Be the Conduit

Matthew Reinhold
5 min readNov 18, 2020

How to Explain Tech to the Non-Technical and Conversely How to Convey Your Needs to the Ultra-Technical

This confused young lady needs explanations…

For the same reason, you’d never bring the code behind a mockup to your stakeholder meetings is the same reason you would never bring your journey maps to your dev team. It’s a question of knowing your audience, knowing their job, and finding a way to relate on their terms.

In the UX game, a UXer who can code is called a unicorn. Why? Because he/she/they are a one-stop-shop? Nope! The chasm that lies between those two skills means that in 99.999…% of the time, they do one well and understand the core fundamentals of the other. And that’s great! One-stop shops are ruining the main street of America anyway! Everyone has their skills, and those skills are padded out a dash of experience in what their colleagues do. Machines can’t work with only one cog!

CSS backend left- interface front right

Communication has always come easily to me, but that’s not the case for everyone. For some of us, the worst part of the day is when we have to interact with others. That’s why they chose lone wolf careers, but there is no such thing as a genuinely solo gig, maybe the guardian of a long-forgotten idol? (Forget it unless you know someone — impossible industry to break into) As user experience designers, we need the gift of chat, but more than that, we need the versatile gift of chat.

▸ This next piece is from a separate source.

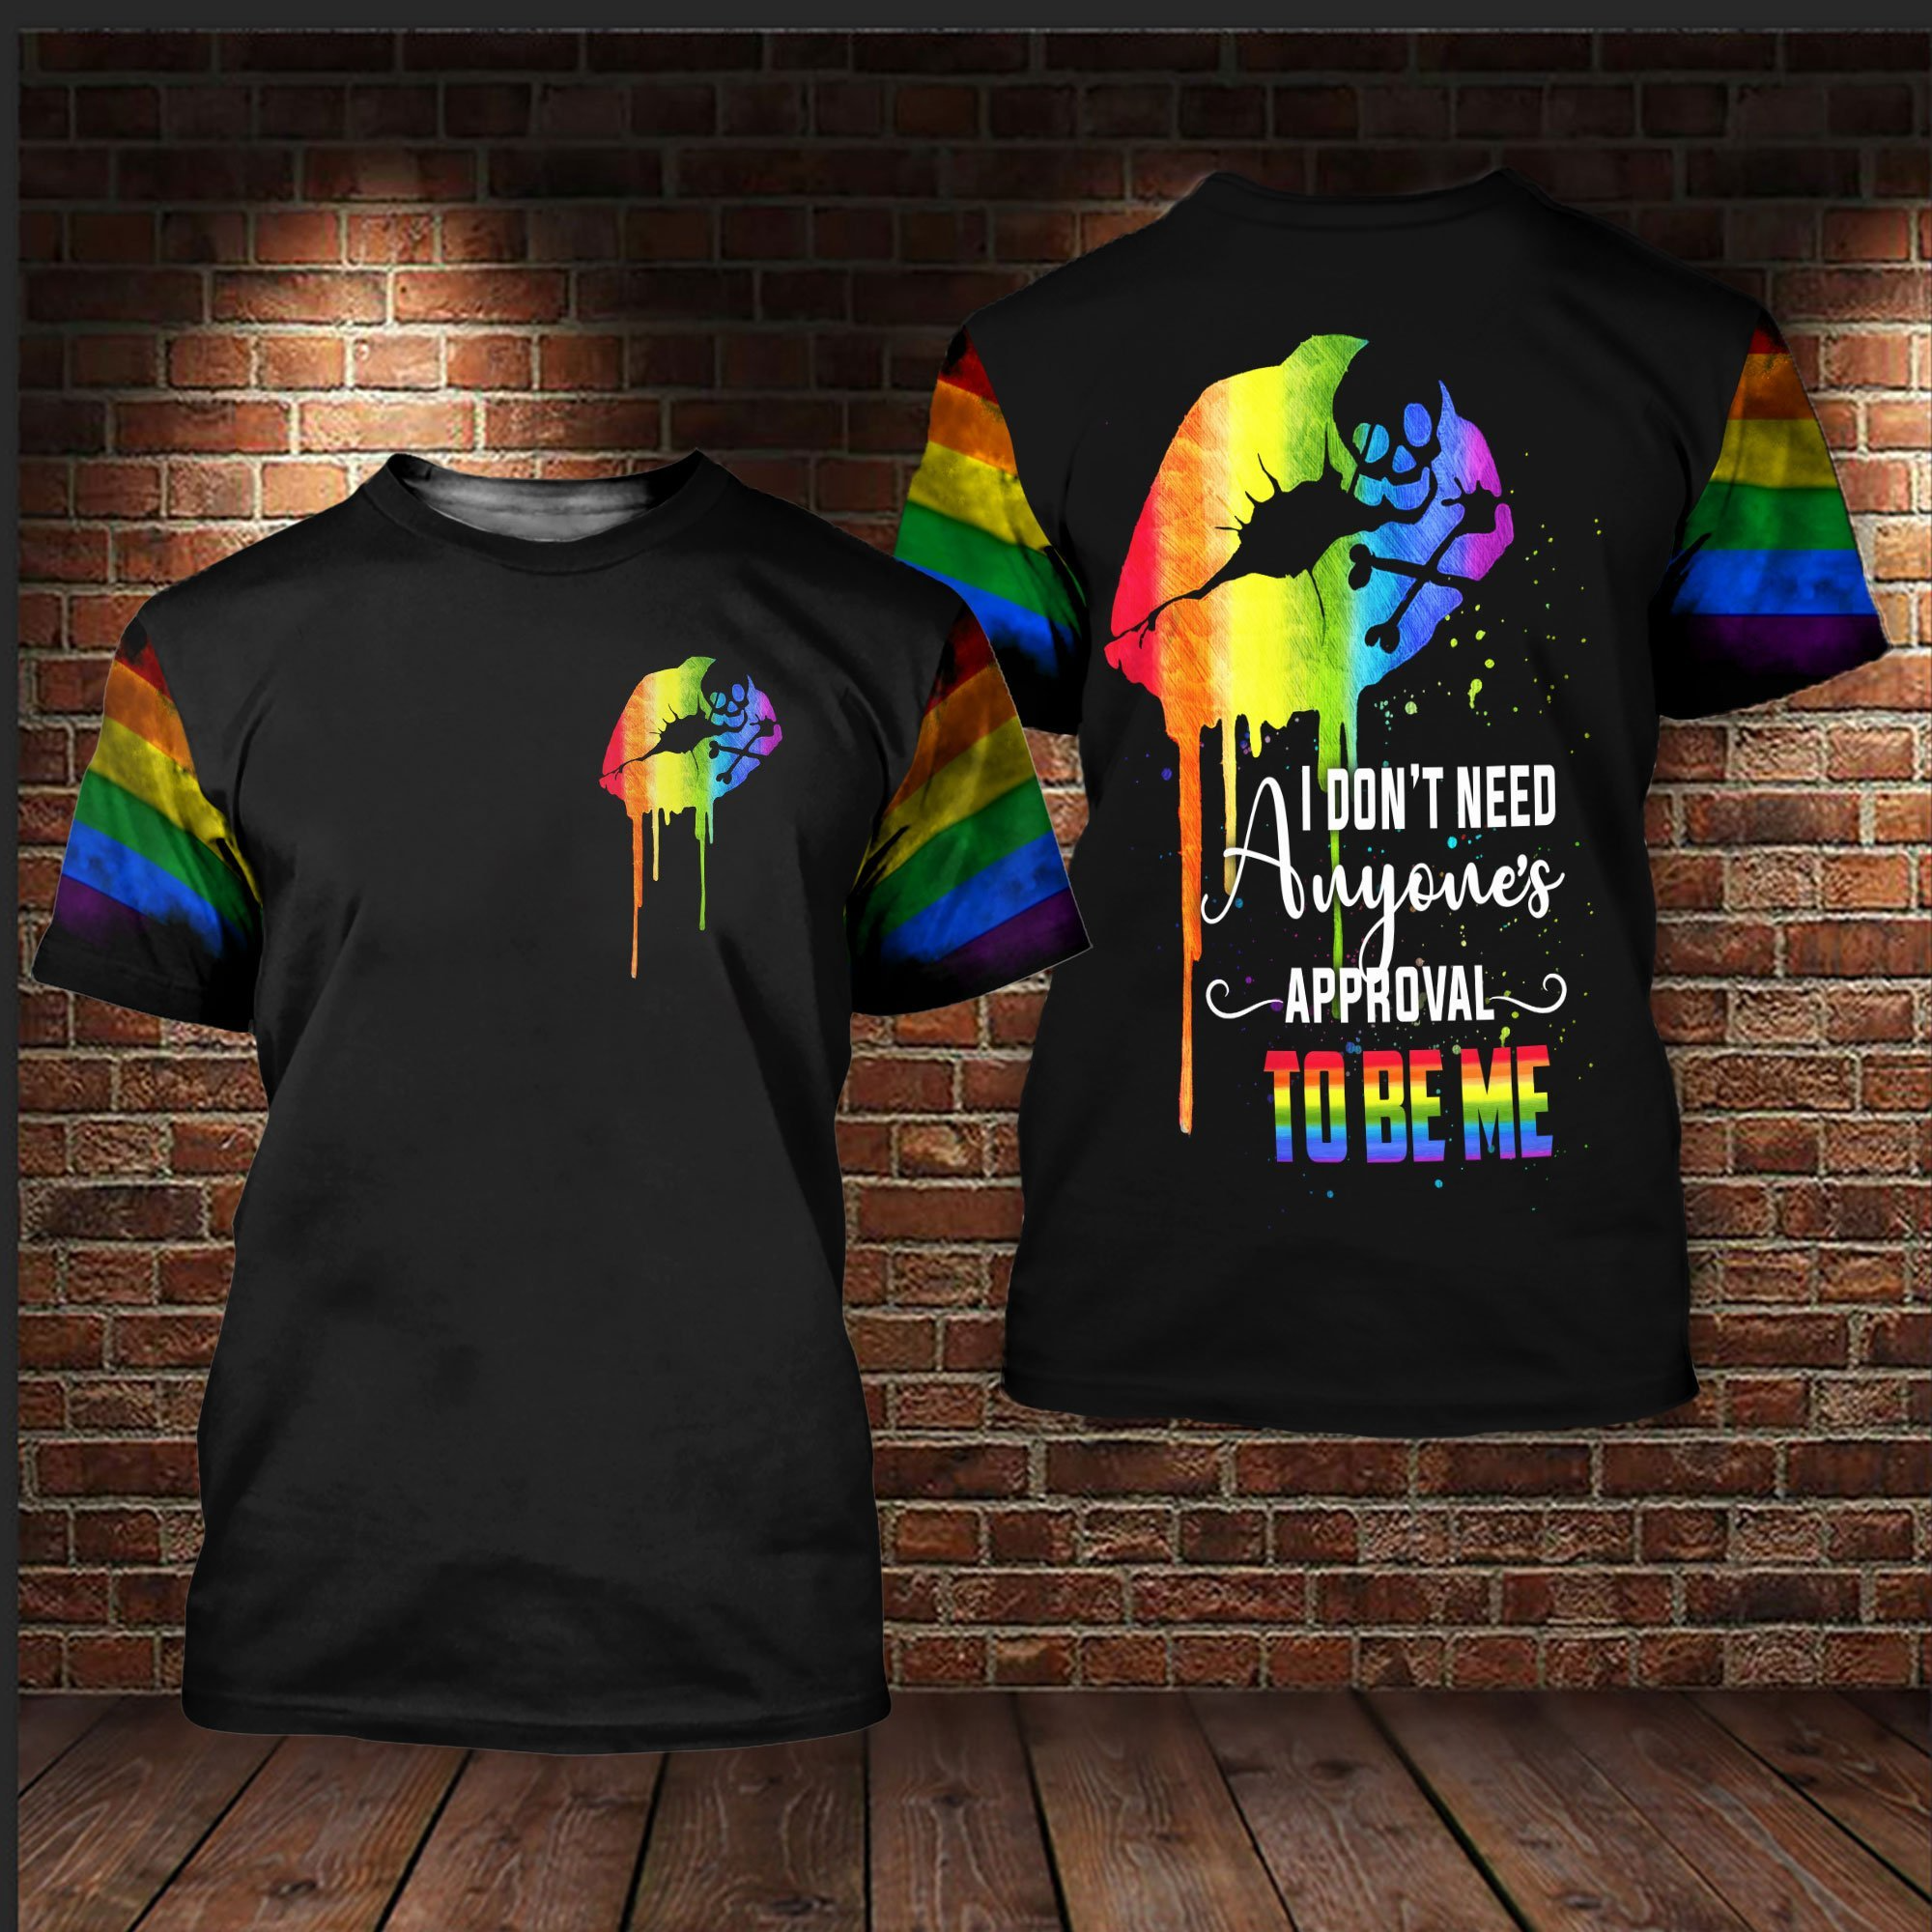 LGBT I Don’t Need Anyone’s Approval To Be Me 3D All Over Printed Shirts For LGBT Community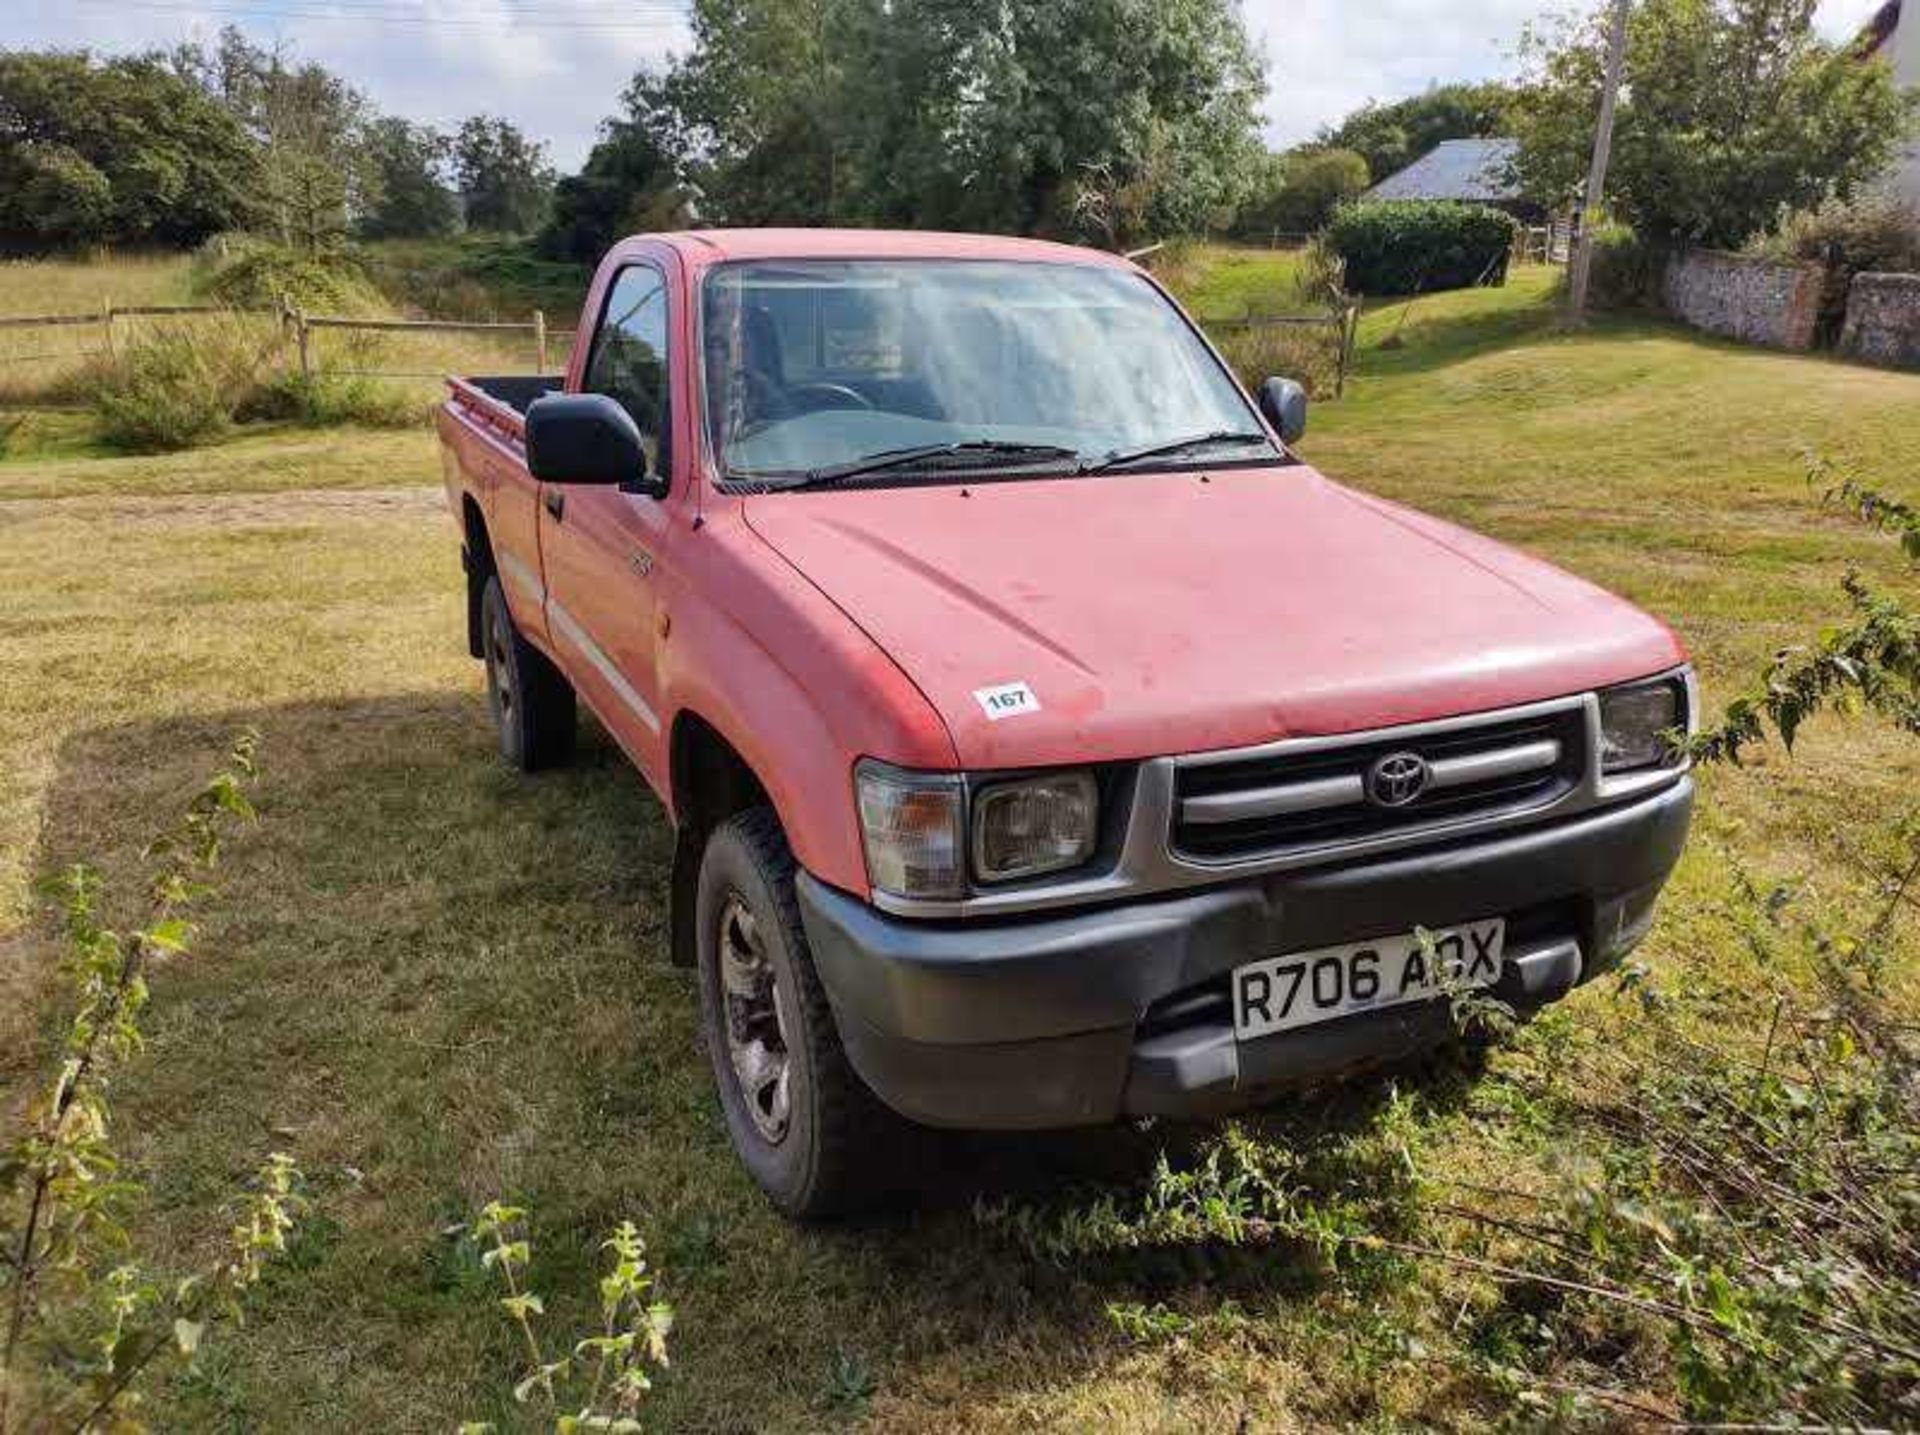 Toyota Hilux 2.4TD 4WD Pickup with 131,180 Miles (Reg. No. R706 ADX) MOT Valid Until 07/12/ - Image 4 of 4

This gentleman slipped passed the forgotten idol’s guard

(It should be noted that when I constructed that pithy little paragraph above, I googled solo Jobs for People Who Dislike…People and software developer is number two! I call BS!- design teams and dev teams work WITH each other all the time 🙄)

So what’s the easy answer!? Learn code if you’re a designer? Learn UX if you’re a developer? Sure, it never hurts to know more. But when I had my first little eComm job and had to go to the scarry IT floor to chat with the developer about UX changes I wanted to make. Something would always go wrong. The developer had built that site from scratch years ago and has been maintaining it ever since. It was his baby. I came in red-hot about how various terrible features were. NOTE TO YOUNG CAREER FOLKS: Be very, VERY careful about being critical. Make sure you know everything about what you are talking about before you start attacking.

After that initial meeting, he didn’t answer my emails for about two months. During all that time of being frozen out and getting madder and madder, I realized that all the research I had amassed could be used to show him what I was talking about. Literally, show him:

“This is an example of the button I was thinking about.”

It wasn’t perfect from there on out either. A few times, I made the mistake of saying things like, “ya know how eBay does it?” He agrees, and I’m busted again because we were talking about eBays from different countries. Assumptions about my colleague’s visual references have been a harrowing saga that has plagued my career since day 1.

Quick moral: Talking tech with the ultra-tech; bring examples! Do you want to implement AR? Bring the 1stDibs App and the Houzz App (very different qualities of AR) — and have both fired up and ready to show precisely what you’re talking about, and then, this is key… listen. He/she/they probably know a thing or two about AR that you should know too.

AR can be dope if done well- but also terrible

Now let’s flip the script. Same job, and the same lowly auction coordinator who still wants to improve the UX, mainly because he is also doing customer service and people are really mean. His boss sets up a meeting with her boss for potential improvements. He looks at his deck and sees a lot of jargon. Everyone is busy, and this meeting is a favor from boss sr. to boss, and then the CEO shows up because the lowly auction coordinator’s name is Matthew, just like the company’s president… Not a great shock, pretty common name. “Matthew is giving an eComm proposal in conference room B” on the company calendar. Suddenly, my ideas for adding more payment options, filtering, and a handful of icons has turned into my personal iPhone launch. Just a little context.

This gentleman launching a product— never heard from again

I’m pretty good in those types of situations, but it was not NOT terrifying. Also, Boss Sr. had a saying that she was famous for. I’m a numbers woman. Meaning even though the deck discussed retention rates and abandoned carts, as long as it was peppered with quantitative data, she would glance up every few moments. Because I spoke directly to using resources to improve the UX, which would ultimately boost sales, she approved nearly 30% of my requests! It was a win. Everything is relative.

I’m in my mid 30’s now and in a career pivot, but certain things endure all industries.

1.) Everyone needs to know they have been heard.

2.) There is no such thing as too early, but there is such a thing as too late. (Ha! I literally made that up right now and was talking about being a morning person, but it’s so much bigger!)

3.) Read the room.

Know who you are talking to and come prepared with something your audience will understand. Visuals, examples, numbers, metaphors, relevant visual assets if need be, you are conveying your, or more likely your team’s idea, and being understood is the goal. You know what the interface looks like in your head — but your job is sharing your thoughts.